The Hook
- February 22, 2007, edition
- Type: Alternative weekly
- Format: Tabloid
- Founder: Hawes Spencer
- Publisher: Better Publications LLC
- Founded: February 7, 2002
- Ceased publication: September 26, 2013
- City: Charlottesville, Virginia
- Free online archives: readthehook.net/archives

= The Hook (newspaper) =

Defunct newspaper in Charlottesville, Virginia

The Hook was a weekly newspaper published in Charlottesville, Virginia, and distributed throughout Central Virginia and the Shenandoah Valley. It was founded in 2002 by a number of former employees of another Charlottesville weekly, C-ville Weekly, including its co-founder and editor Hawes Spencer. The Hook went out of business in 2013.

== History ==
In 2007, 2009, and again in 2013, The Hook won the Virginia Press Association Award for Journalistic Integrity and Community Service, the VPA's highest honor.
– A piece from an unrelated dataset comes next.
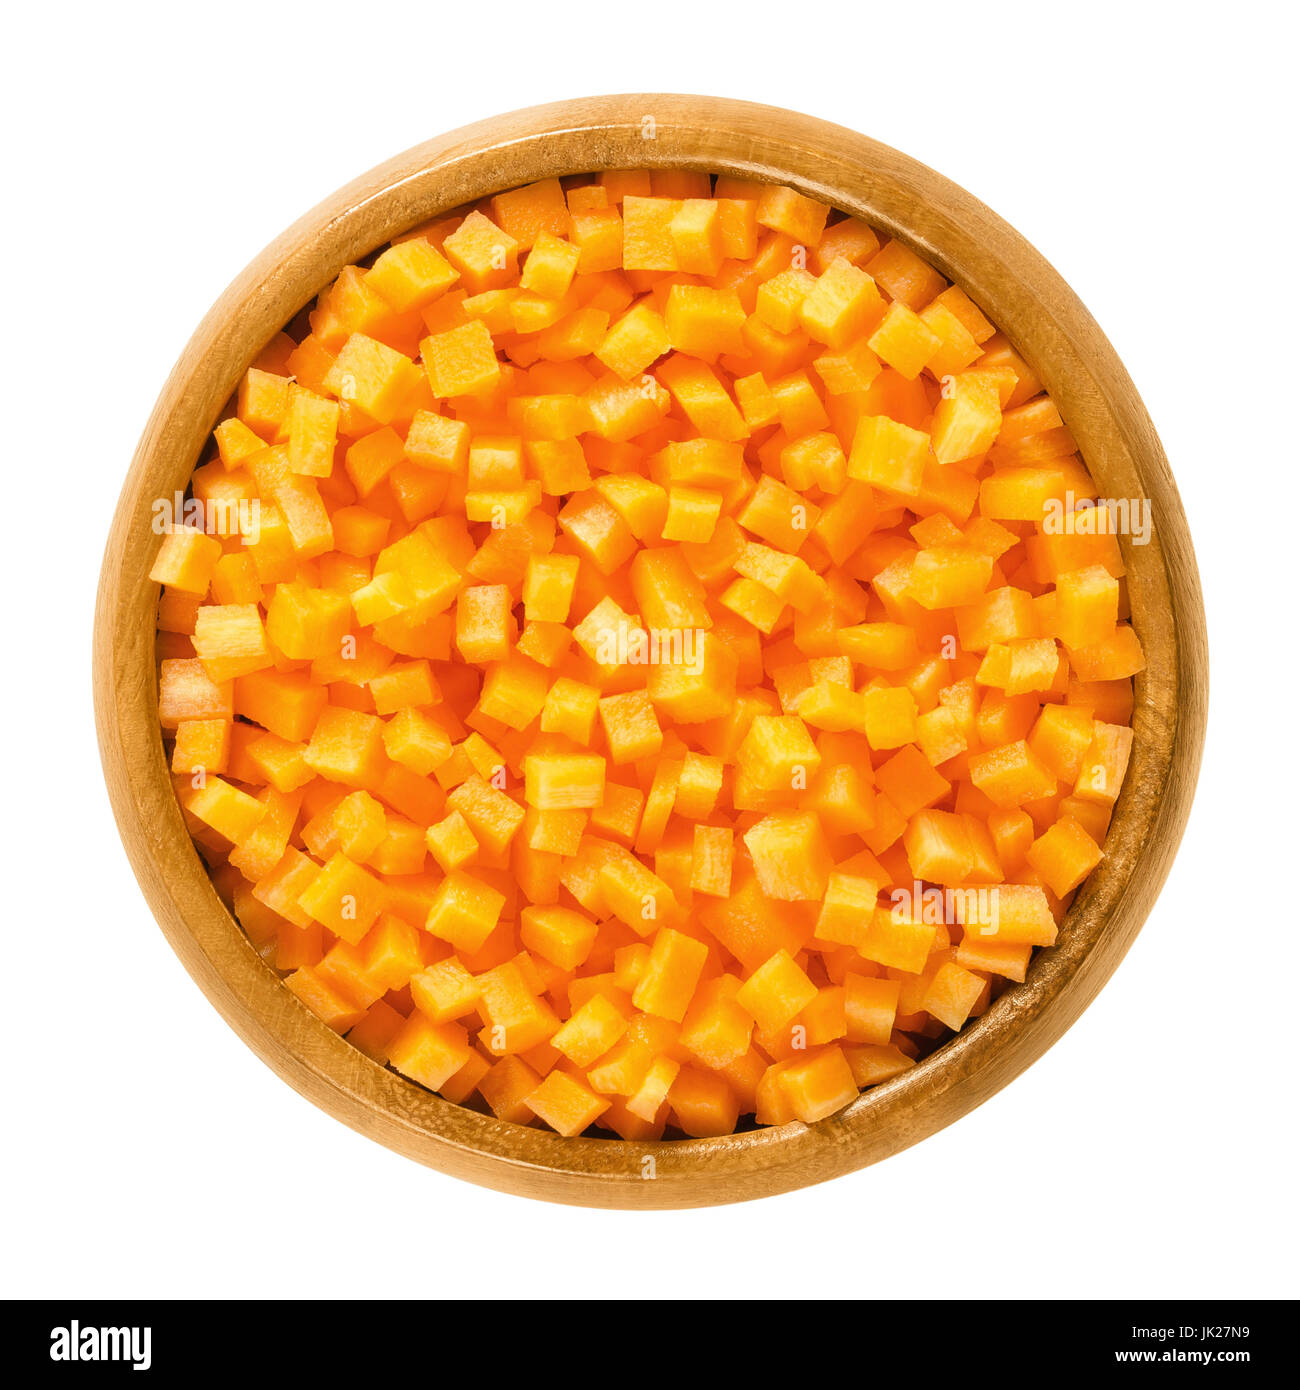 Cubes de carottes dans un bol en bois. Des morceaux croquants de Daucus carota, un légume-racine avec la couleur orange. Racine pivotante comestible. Macro photo alimentaire isolé. Banque D'Images

The Hook features included the "HotSeat" (in which Charlottesville notables answered questions about everything from what is in their refrigerator to their most embarrassing moments), "4BetterOrWorse" (an often humorous summary of local and national news items), and the "Culture Calendar". The Hooks webcam showed the streetscape of Charlottesville's Downtown Mall, a pedestrian promenade that includes the local Ice Park and Jefferson and Paramount theaters.

In addition to print, The Hook branched out into other media in 2006 with the launch of its blog and weekly podcast.

== Archives ==
In June 2022, its 22,000 stories were removed from the internet. The Washington Post subsequently reported speculation that the deletion of the archives may have been a catch and kill operation. Following journalism about the removal of the articles, a "mysterious benefactor named F" presented an archive and committed to keep the content available. The "website appears to be complete, including links to all issues of The Hook, but the site's internal search engine appears to be disabled." A new archive website was created by former Hook reporter Dave McNair using links preserved by the Internet Archive.